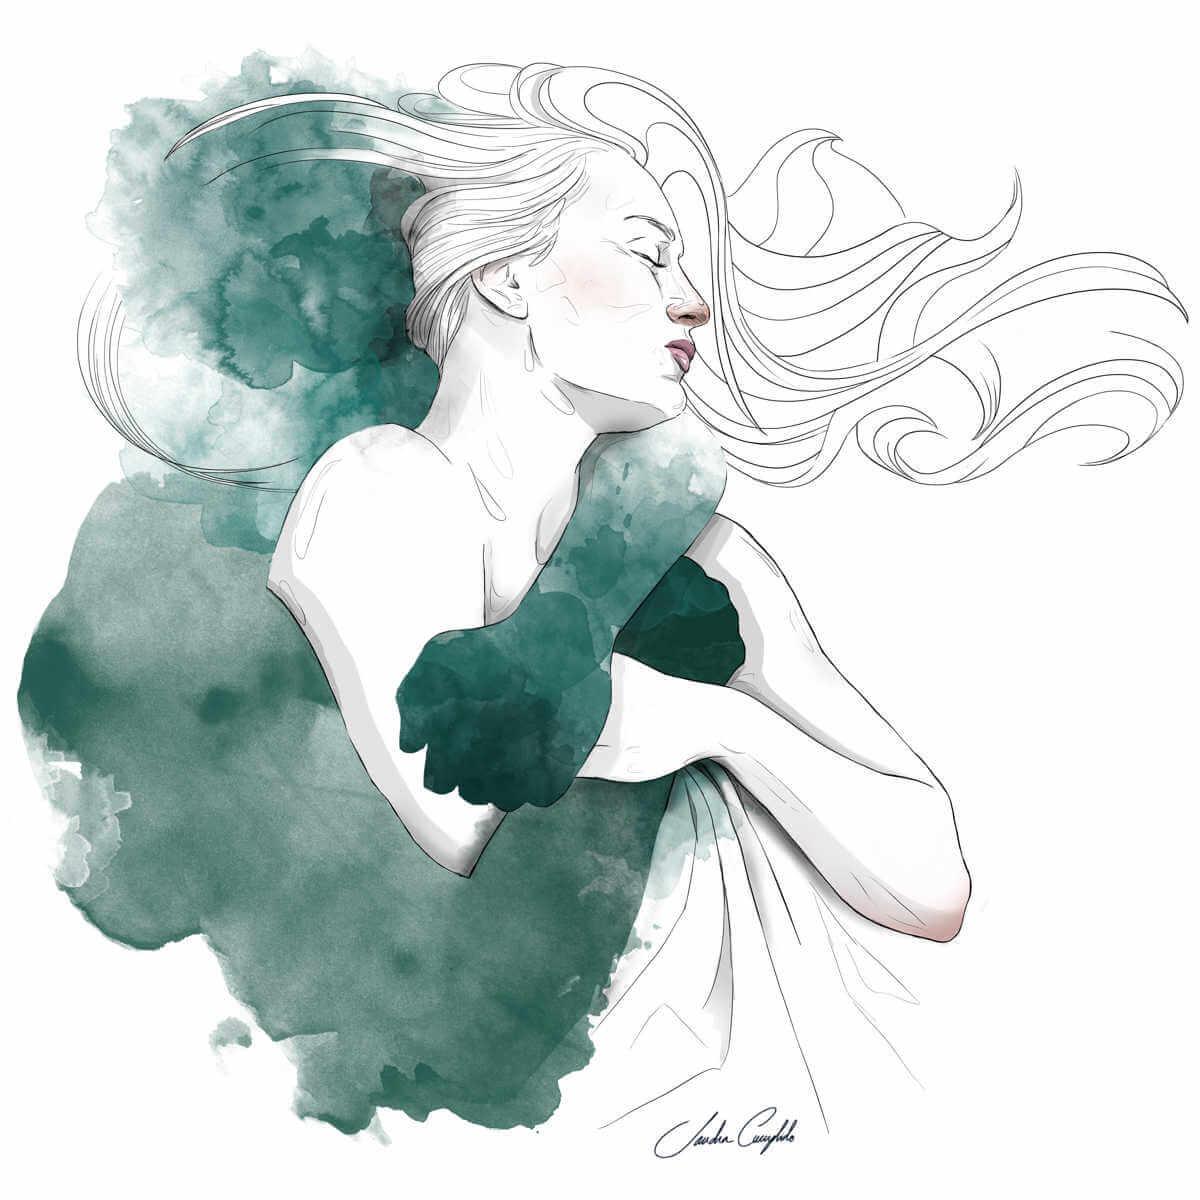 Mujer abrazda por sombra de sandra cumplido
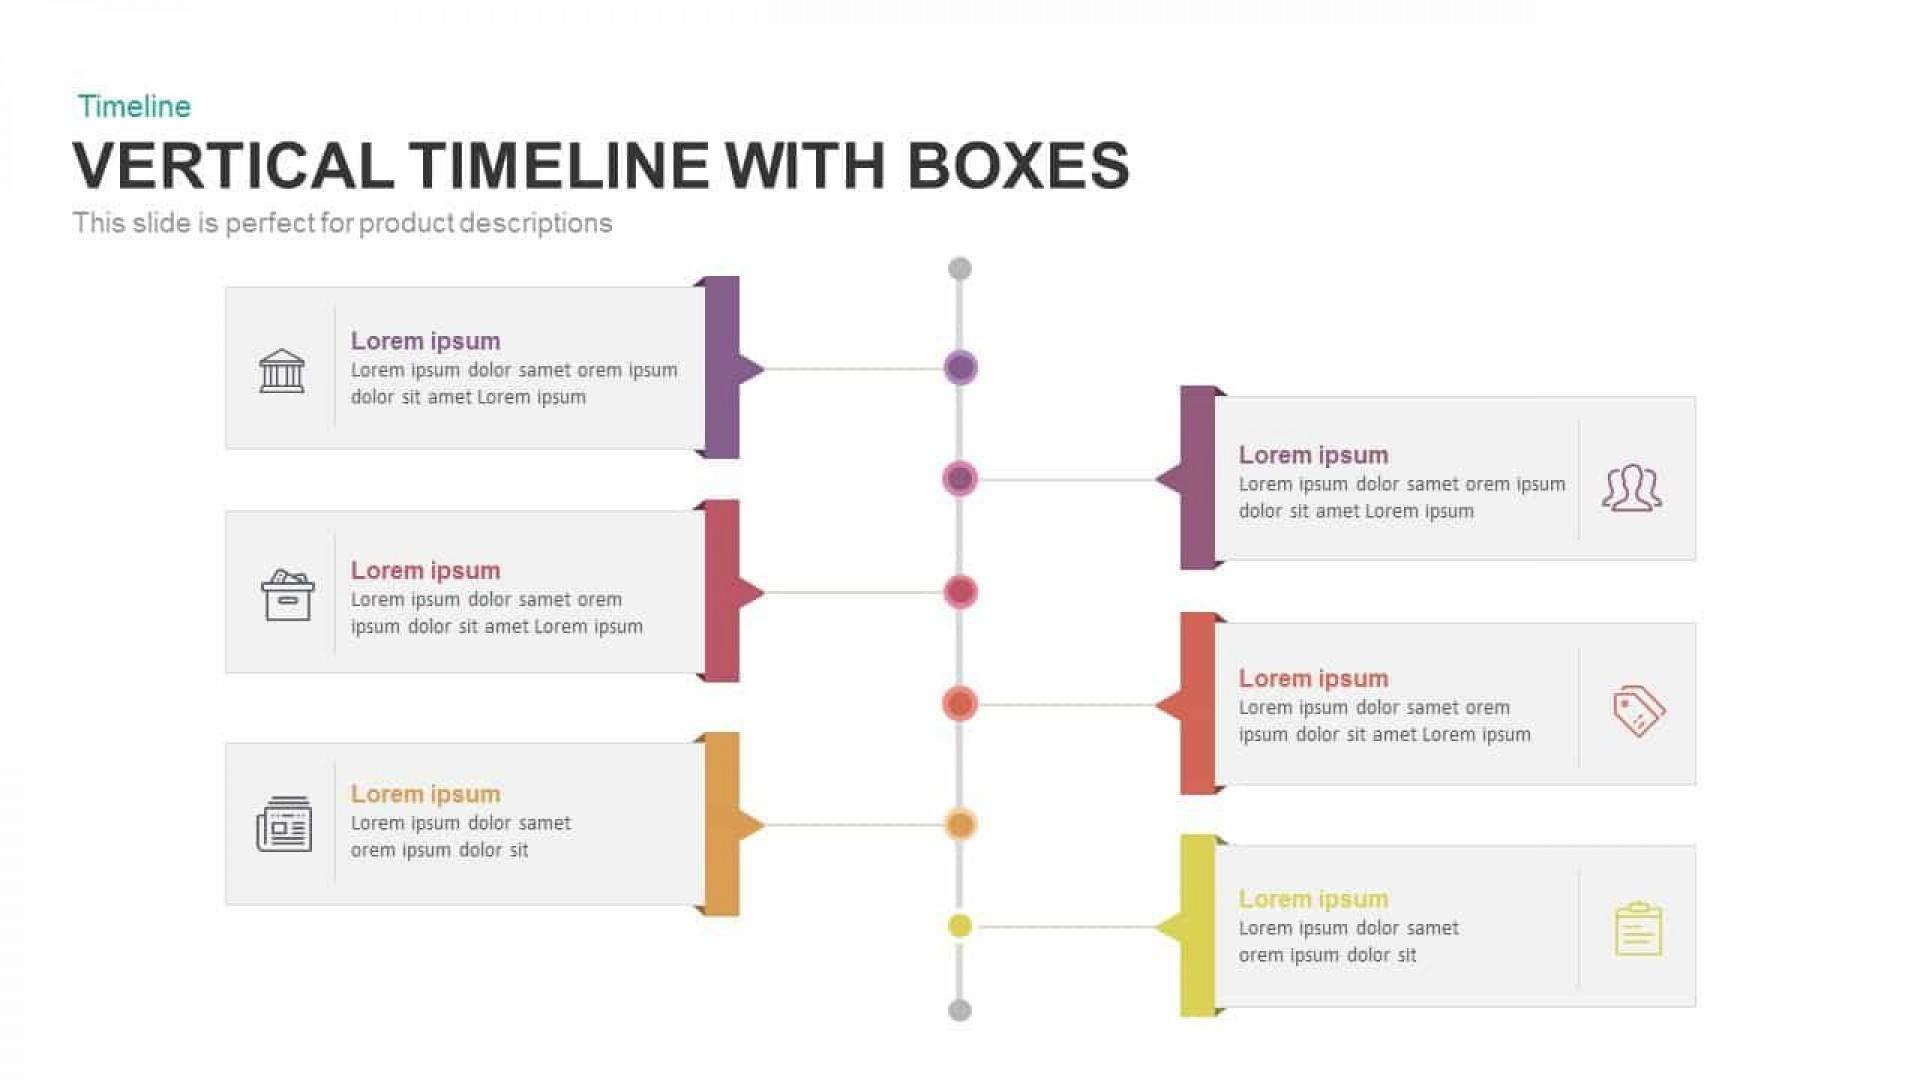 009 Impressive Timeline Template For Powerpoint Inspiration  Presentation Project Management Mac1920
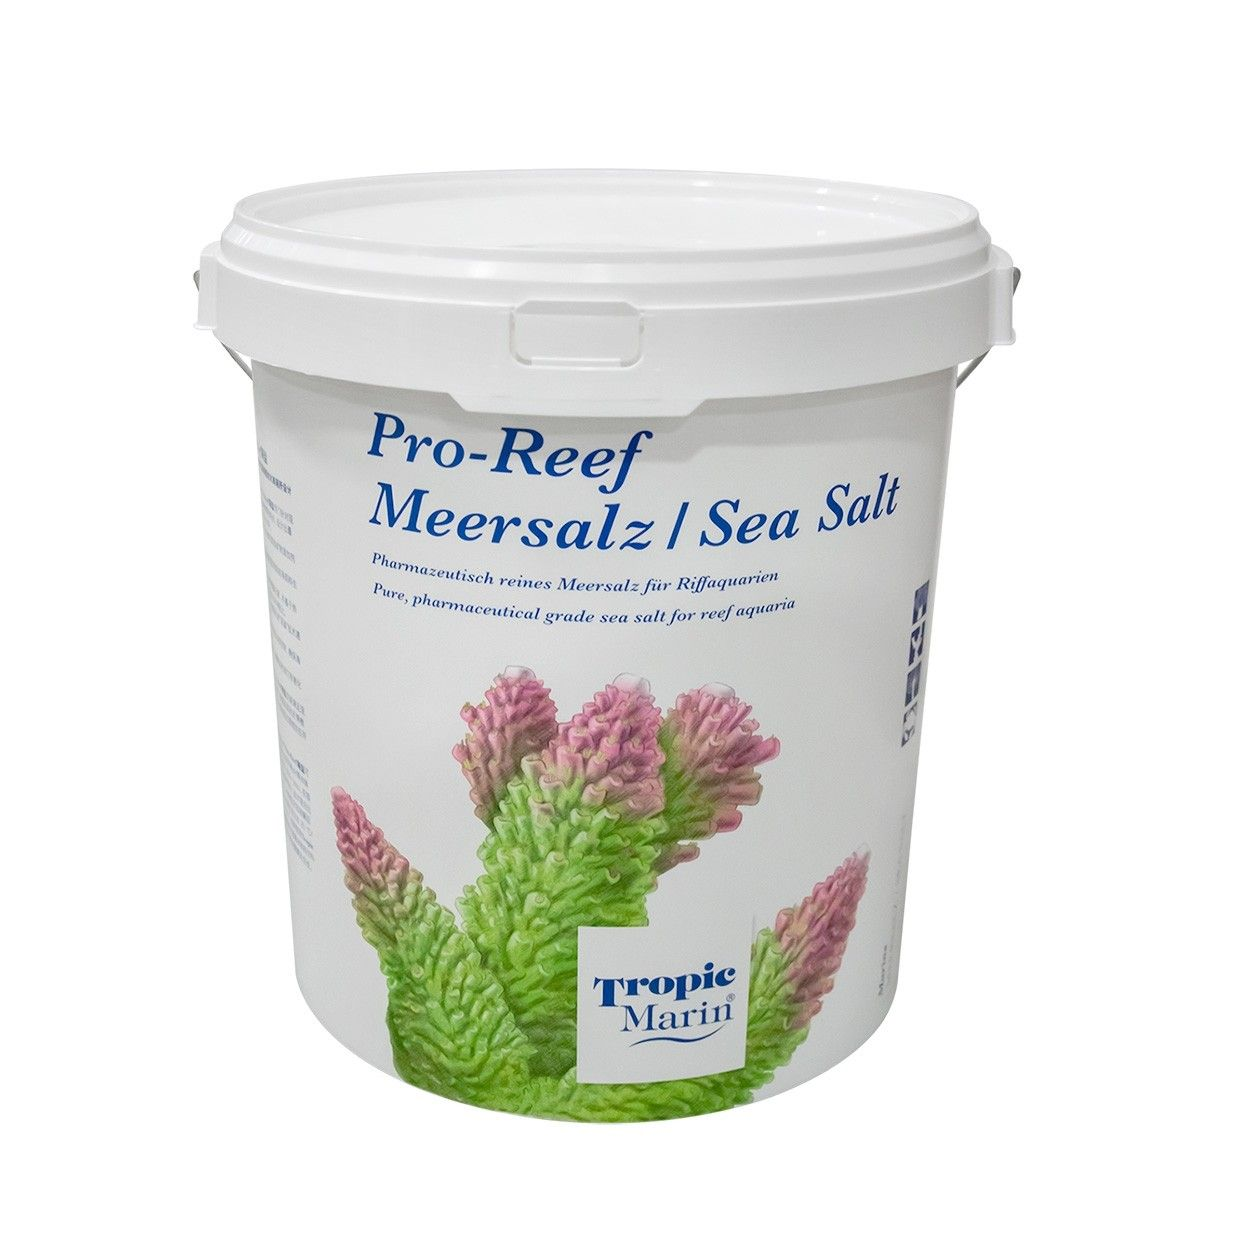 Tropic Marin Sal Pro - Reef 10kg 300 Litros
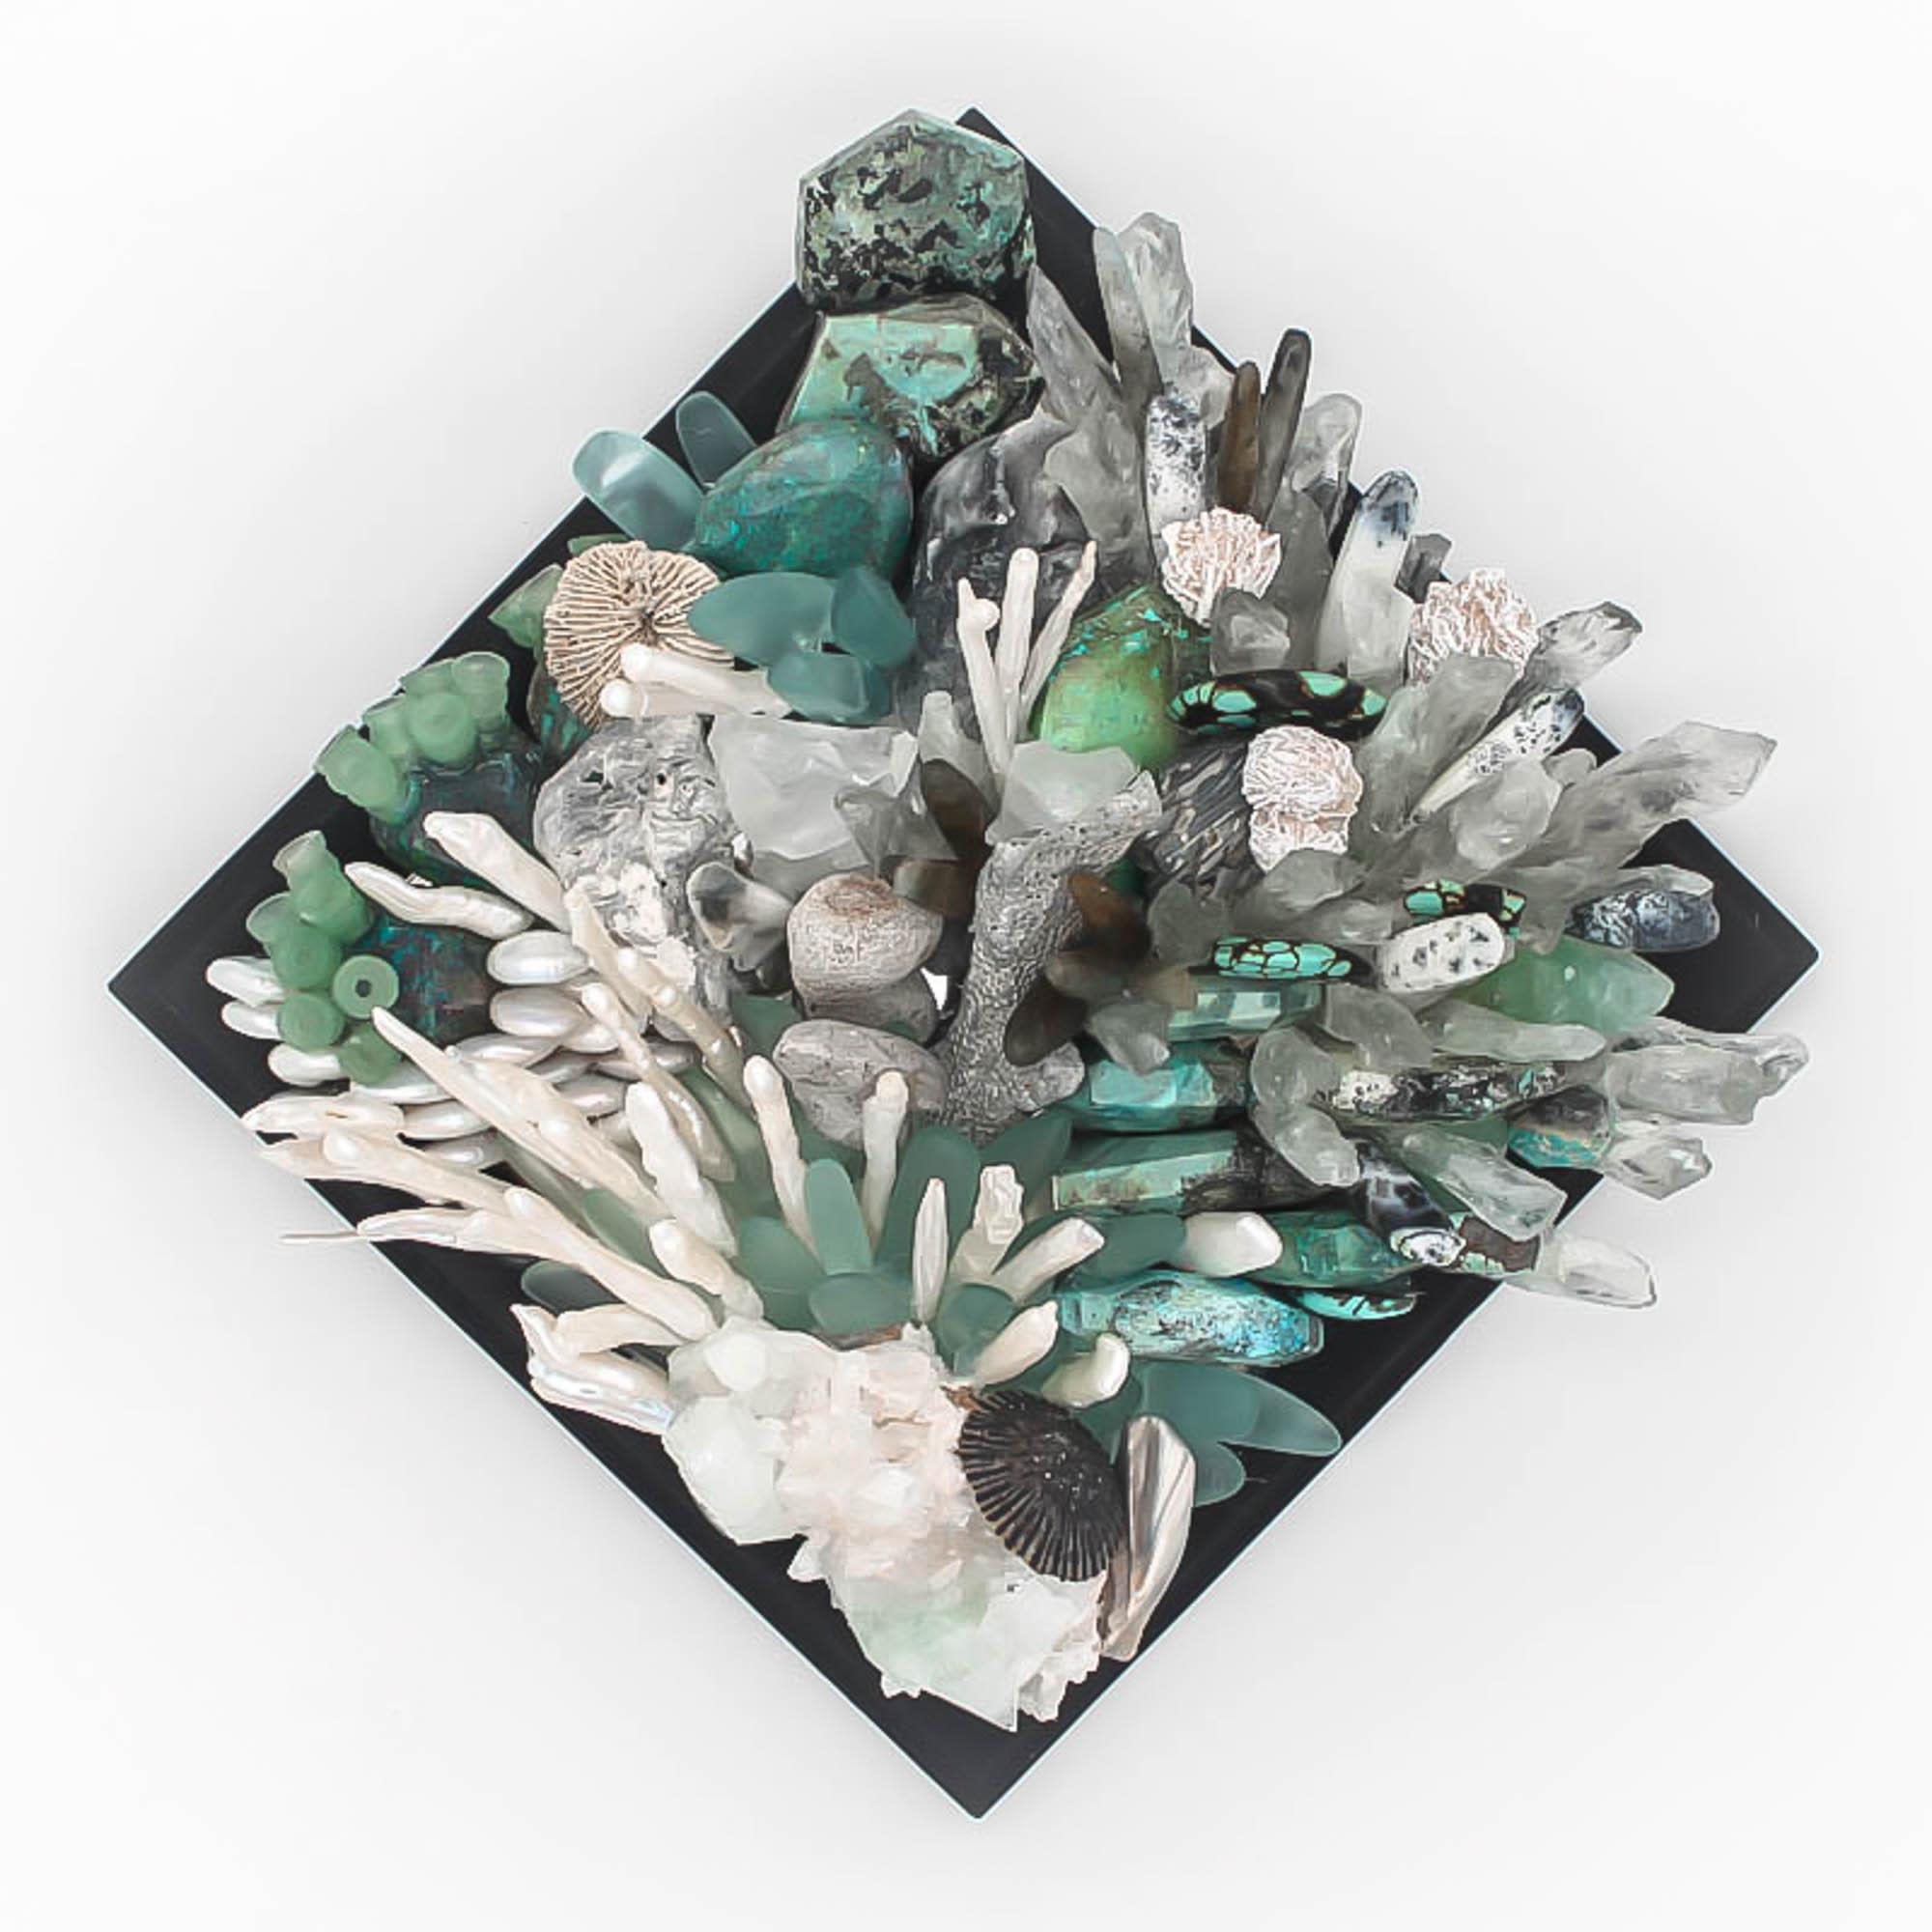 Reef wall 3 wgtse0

ACTION ITEM: Nothing but an exact transcription of the material, without pictures, should be returned.

SOLUTION FOR THIS TASK:
 Mujer abrazda por sombra de sandra cumplido
 009 Impressive Timeline Template For Powerpoint Inspiration  Presentation Project Management Mac1920
 Tropic Marin Sal Pro - Reef 10kg 300 Litros
 Reef wall 3 wgtse0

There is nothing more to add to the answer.